His conversation with his brother was brief. Tony had never been a deep thinker, nor was he a man of many words. He was eight years younger than Anson and had always held him in the deepest reverence. Loved him; feared him; looked up to him. Would do anything for him. Even this, Anson hoped.

He explained to Tony what was at stake, and what would be needed to bring it off.

“I’m going to give it a try,” Anson said. “It’s my responsibility.”

“Is that how you see it? Well, then.”

“That’s how I see it, yes. But the first one who goes down there may not bring it off. If I don’t succeed in killing Prime, will you agree to be the next one to take a whack at the job?”

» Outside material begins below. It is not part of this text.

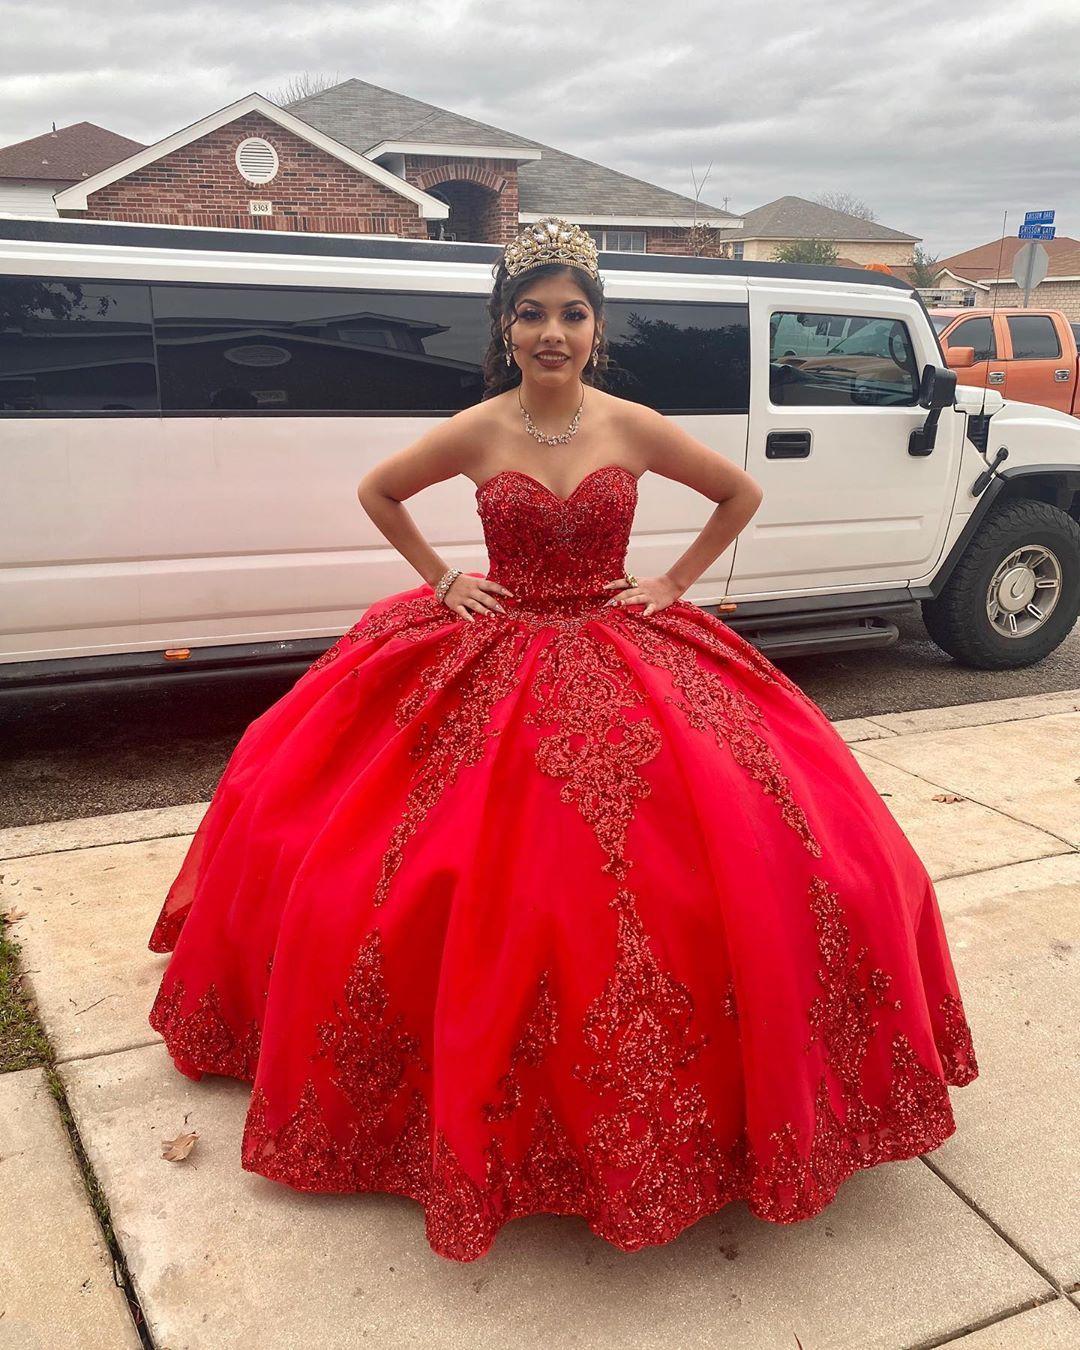 Ricarlo The Suite Xv On Instagram Portando Su Primer Vestido Asi Luce Nuestra Hermosa Quinceane Quince Dresses 15 Dresses Quinceanera Quinceanera Dresses [ 1350 x 1080 Pixel ]

“Sure,” Tony replied immediately. He seemed hardly even to give the matter any consideration. The difficulties, the risk. No frowns furrowed Tony’s broad, amiable, clear-eyed face. “Why not? Whatever you say, Anson. You’re the boss.”

“It won’t be that simple. It could involve months of special training. Years, maybe.”

“You’re the boss,” Tony said.

A little while later, as Khalid was finishing his morning’s work, Anson came to him. He looked even more tightly wound than usual, lips clamped tightly, eyebrows furrowed. They stood together outside the building, amidst the carved array of naked wooden Jills, and Anson said, “You told us just now that you were indifferent to the whole idea of killing Entities. That you were indifferent to it, apparently, even as you went about killing one.”

“Yes. This is so.”

“Do you think you could instruct somebody in that kind of indifference, Khalid? That way you have of wiping your mind clean of anything that might arouse an Entity’s defenses?”